» GIVEN INFORMATION:
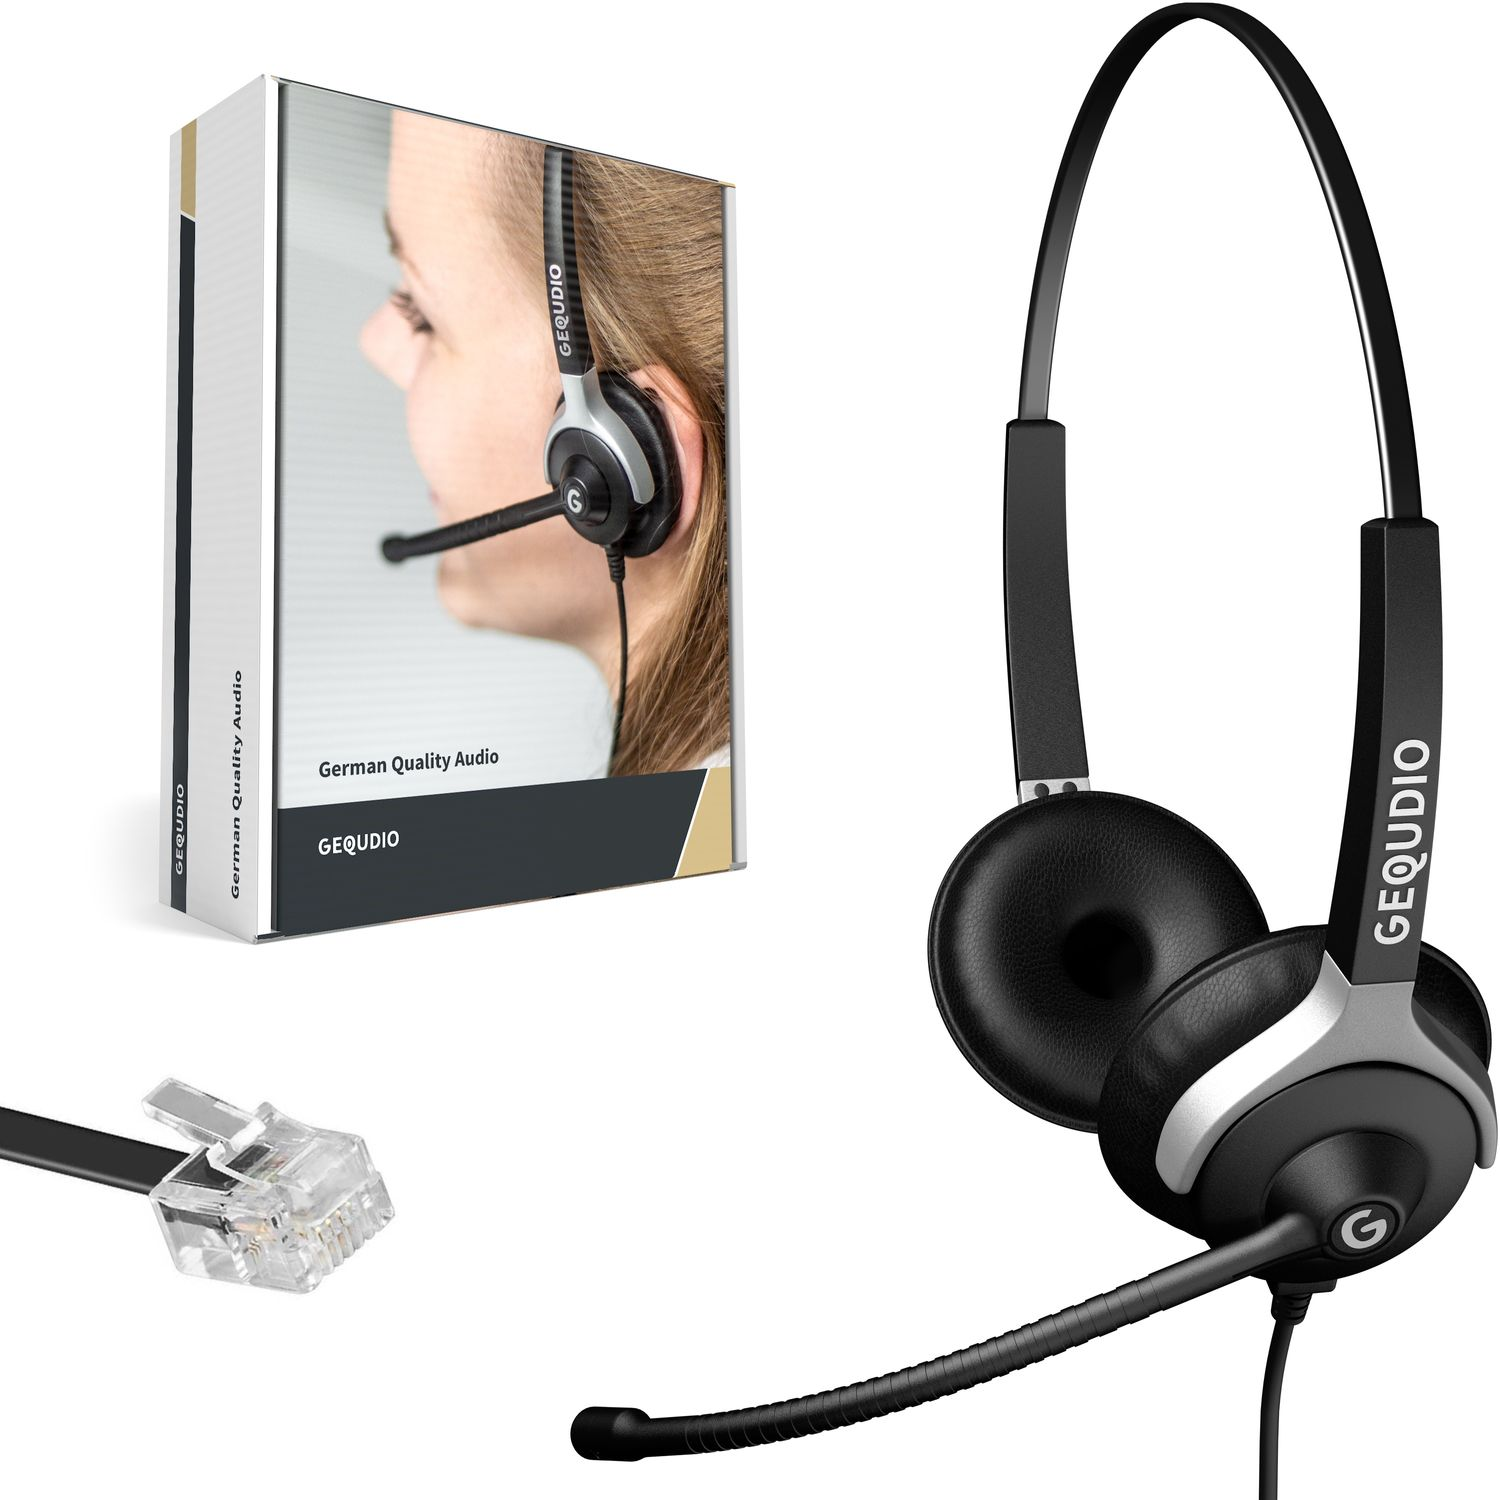 Headset On-ear GEQUDIO Unify Kabel, 2-Ohr für Schwarz mit Headset
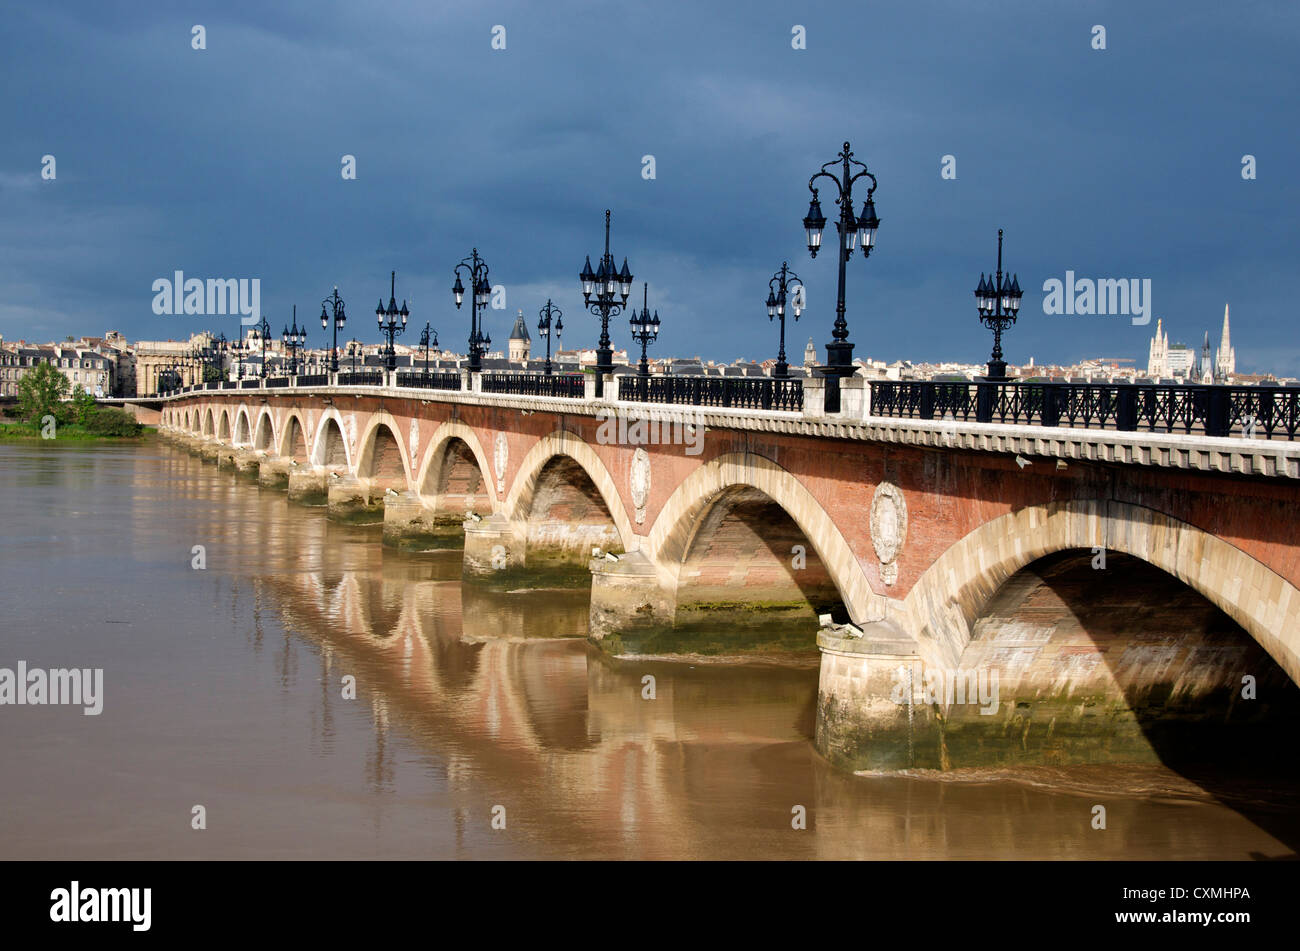 The Pont de Pierre bridge crossing the river Garonne, Bordeaux, France in the city centre Stock Photo
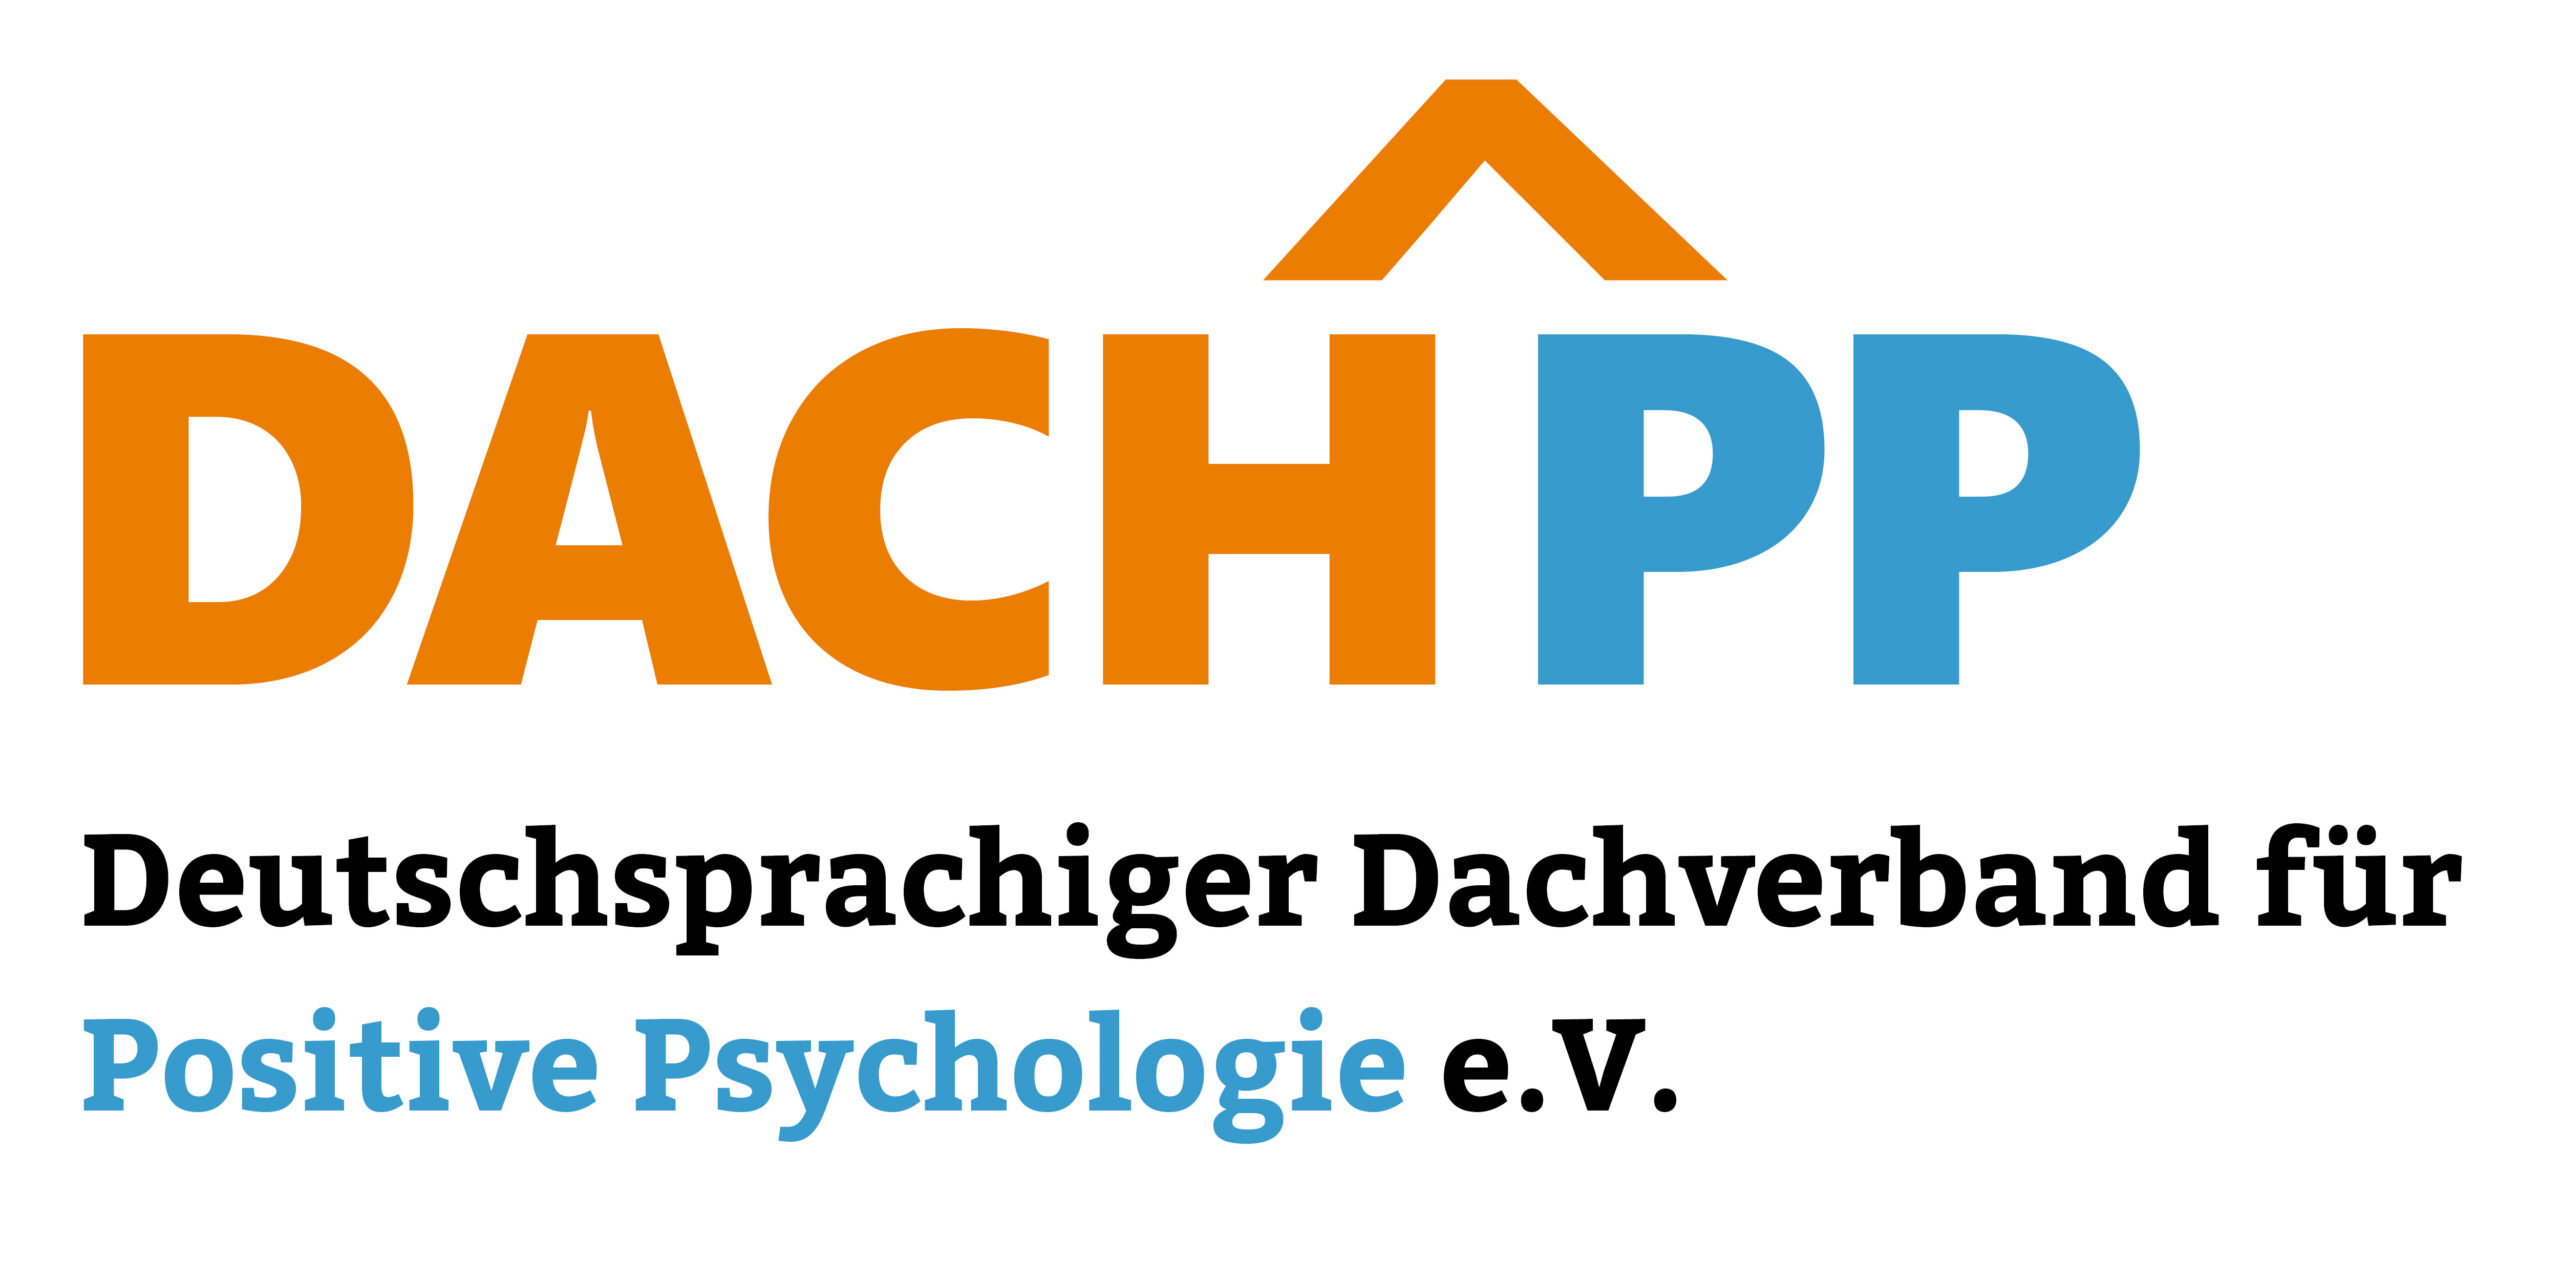 Mitglied im deutschsprachigen Dachverband für Positive Psychologie e.V.

» PROBLEM REQUIREMENTS: In your output, include only the lines from the line containing "The Pont de" through the last line of the material above, exactly as they appear, and leave out the pictures.

» SOLVED PROBLEM:
 The Pont de Pierre bridge crossing the river Garonne, Bordeaux, France in the city centre Stock Photo
 Mitglied im deutschsprachigen Dachverband für Positive Psychologie e.V.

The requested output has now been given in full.